Florida Georgia Line can tell a good story—“Cruise (Remix)” built a pathway that modern country songwriters like Kane Brown or Maren Morris have followed to great crossover success with their own music. Acts like Post Malone—who channels the same “woke honky tonk” energy and whose beerbongs & bentleys was one of the most streamed albums of 2018—have made tons of money by making music packed with hooks for different listener demographics. And now they’ve got another record-breaking crossover single’s momentum to build from, a song that’s might as well be tossed into a think tank to dissect its appeal.

To watch Bebe Rexha’s video for “Meant to Be” is to see Florida Georgia Line’s appeal summarized visually. The video—which has been viewed 725M times—is dripping with the band’s flavor. A solo piano line smoothly blends into a beat that you could call “trap lite,” the sonic equivalent of installing an iPhone dock in a vintage Chevy. Bebe Rexha—who kick-started her career by writing on the Rihanna/Eminem hit “The Monster”—walks down the highway shoulder, toting two black trash bags of clothes.
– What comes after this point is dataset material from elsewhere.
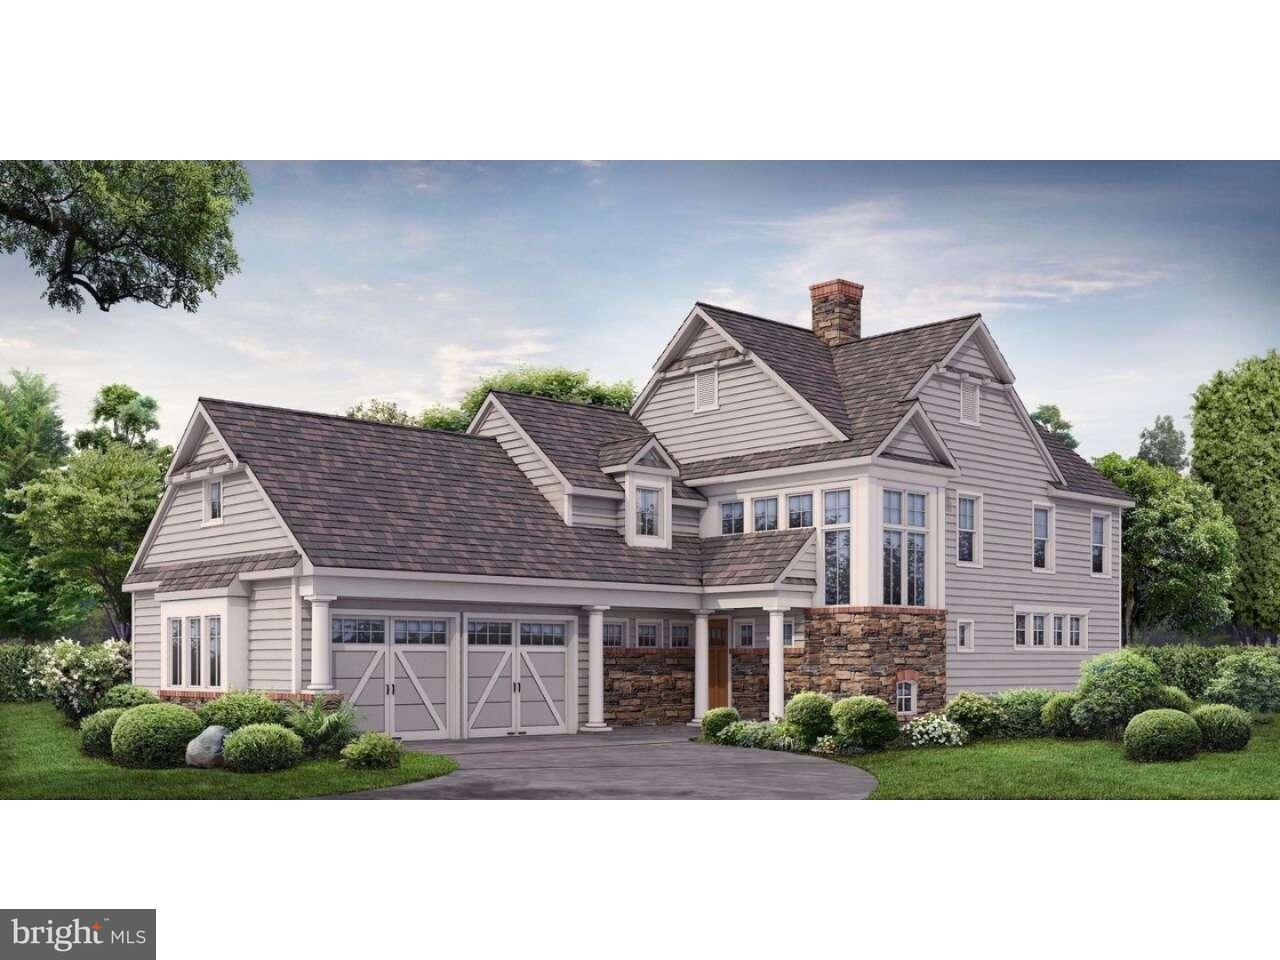 Частный односемейный дом для того Продажа на 1 BURGANDY Drive Mohnton, Пенсильвания 19540 Соединенные Штаты

She struts in her sequined boots, hitching rides until she comes across a diner in the middle of nowhere with a “help wanted” sign. And which good ol’ boys just so happen to be tearing up the open mic night (which everyone knows every diner has)?

Rexha hops up on stage with the boys, who appear as warm and welcome as she could ever hope them to be. The karaoke session spills over into the parking lot, and we cut to a live show some time later: Rexha’s own Star is Born moment, but with two badass Jackson Maines, minus all of that annoying narrative baggage.

“We picked the same mindset of, ‘better is better,’ Kelley says. “And you know, it doesn’t matter whose idea it was to get us to the best product, to get us to the best outcome, the best situation. It’s a group effort. We know where we set the bar on some things, so if we feel like it matches the bar of other businesses and things that we’ve done then, ‘Hey, let’s walk down that road and try that.’”

Correction: A previous version of this piece incorrectly stated that Kelley lives in Los Angeles.